We note that as $V(res_x(f_1,f_2))$ is a closed set containing $\pi(V(I))$, it must contain its closure, which by our earlier work is $V(I_1)$. If $V(I_1)\supset V(l_1,l_2)$ (this is the case when $l_1$ and $l_2$ have no common factors by a few applications of Krull's Height Theorem and a dimension argument, for instance), then we have item 3 under the additional assumption that $I_1$ is principal: $V(I_1)\supset V(l_1,l_2)$ means $V(res_x(f_1,f_2))=V(I_1)$, which means the radicals of the ideals $(res_x(f_1,f_2))$ and $I_1$ are equal. So $r^k\in (res_x(f_1,f_2))$ for some $k$.
Thus under the conditions in your post and in the presence of item 1, we've proven item 2, and under the additional assumption that $V(l_1,l_2)\subset V(I_1)$ we've proven item 3. If it's not the case that $V(l_1,l_2)\subset V(I_1)$, item 3 could fail: even if $V(I_1)$ is principal, if $V(l_1,l_2)$ is codimension 1 in $\Bbb A^n$ and not a subset of $V(I_1)$, then $res_x(f_1,f_2)$ vanishes on it but $r$ doesn't. This happens when $n=1$, $f_1=yx$ and $f_2=yx^2+y-1$, for instance: $res_x(f_1,f_2)=y^2(y-1)$, while $I_1=(y-1)$ and no power of $y-1$ is in the ideal generated by $res_x(f_1,f_2)=y^2(y-1)$.
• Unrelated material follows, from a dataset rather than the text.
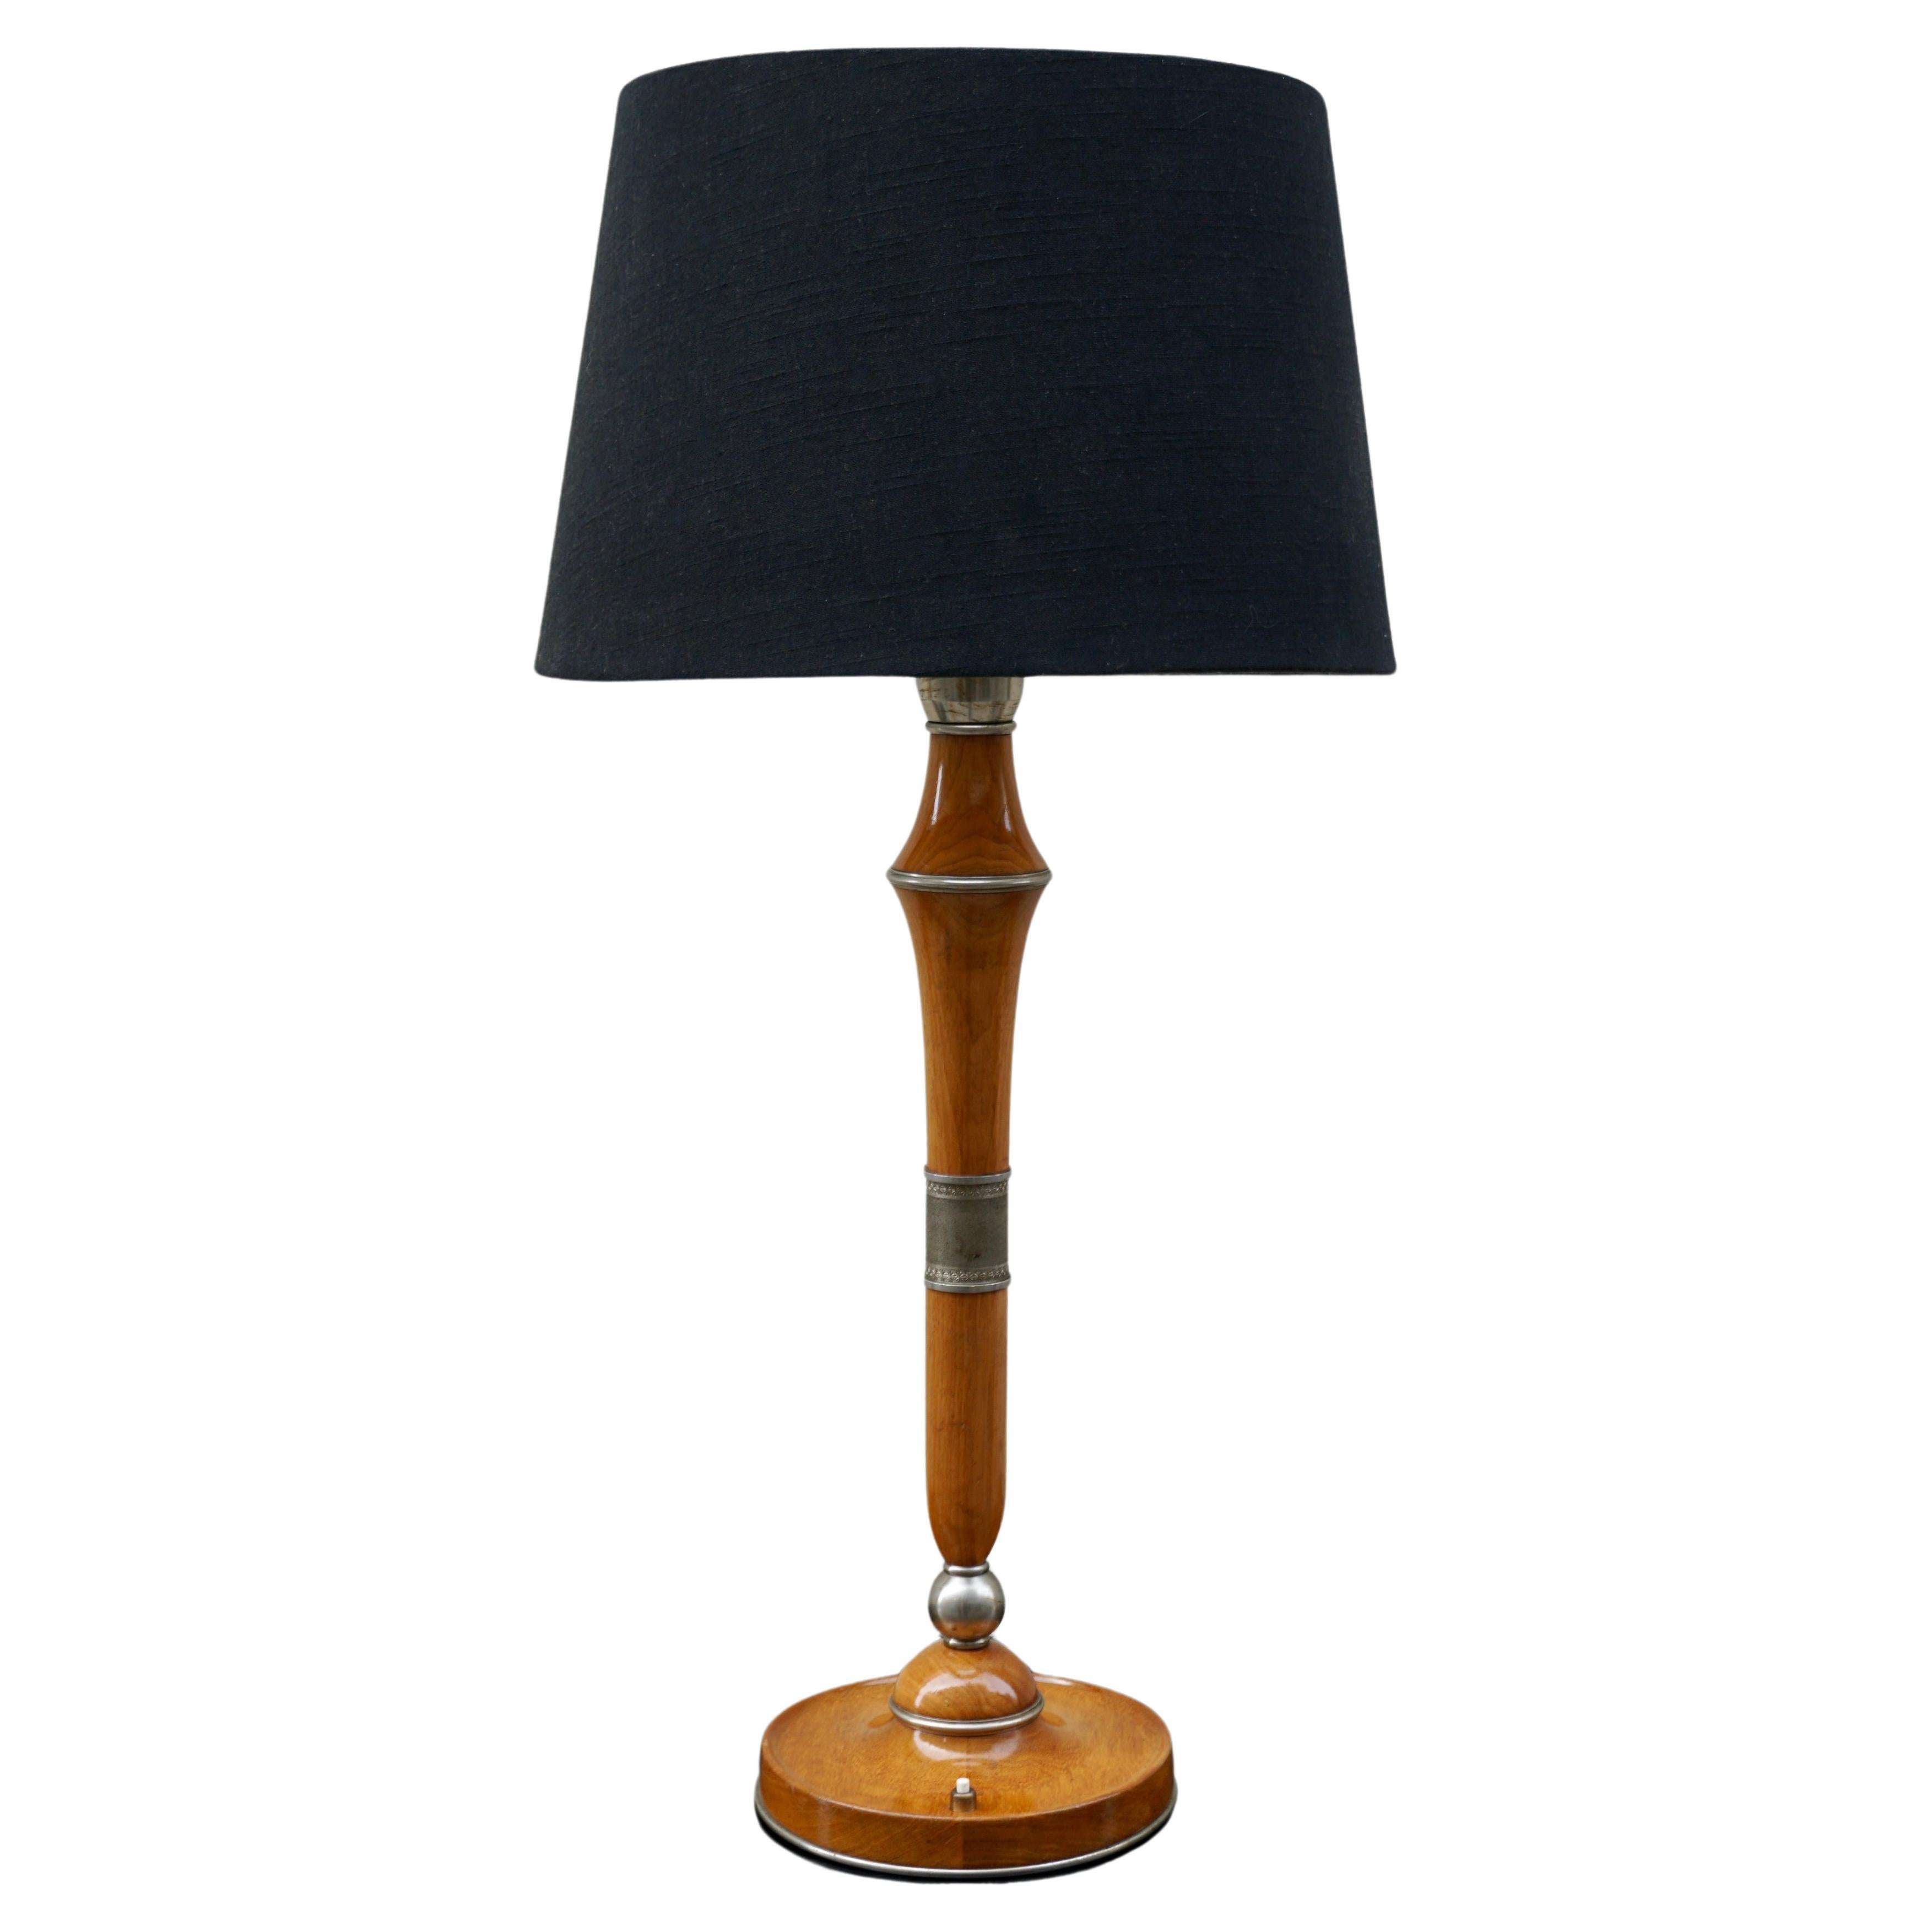 Elegant Italian Wooden Table Lamp For Sale
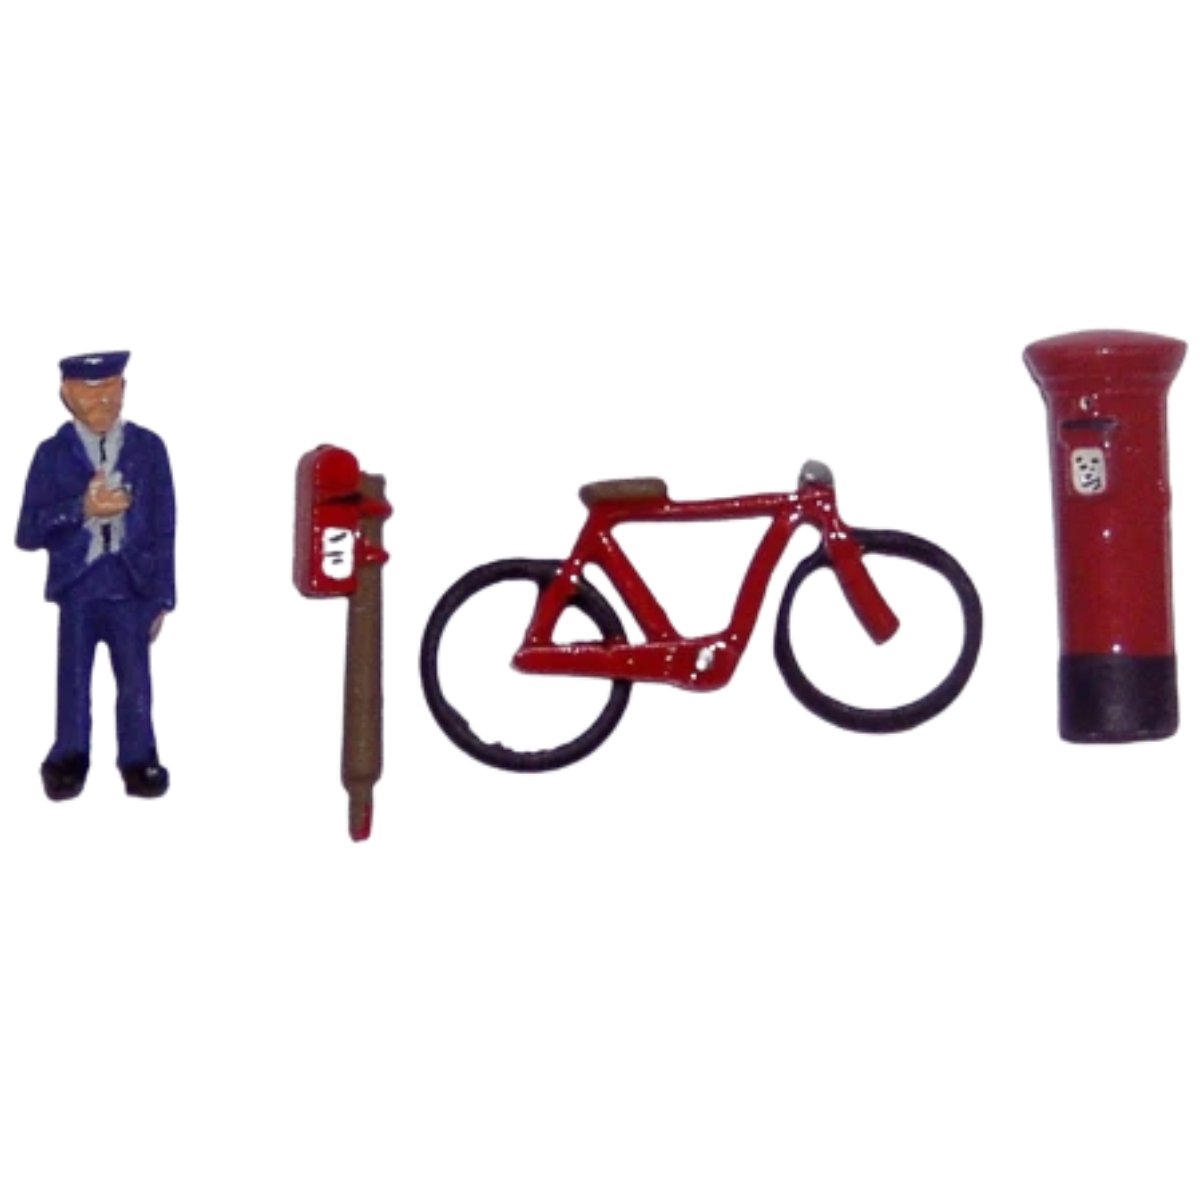 P&D Marsh PDZ07 Postman, Bike & Postboxes (OO Gauge) - Phillips Hobbies

Determining when $I_1$ is principal seems to be rather difficult, and I don't have a full characterization to offer you (nor have I found anything in any of the references I consulted on this). For instance, consider $f_1=z^2+xyz$ and $f_2=yz$. We have $(f_1,f_2)\cap R = (yz,z^2)$ which is nonprincipal, though I imagine there are other examples where the coefficients of the highest powers of $x$ don't have any common factor. One potential (silly) answer is that if $n=1$, that is, we're working in $k[x,y]$, then $I\cap k[y]$ is principal because $k[y]$ is a PID, and perhaps this is what the text "... $R[x]$, where $R$ is itself a polynomial ring over a field" means. If "polynomial ring over a field" means any ring of the form $k[x_1,\cdots,x_n]$, then I think this question is rather difficult.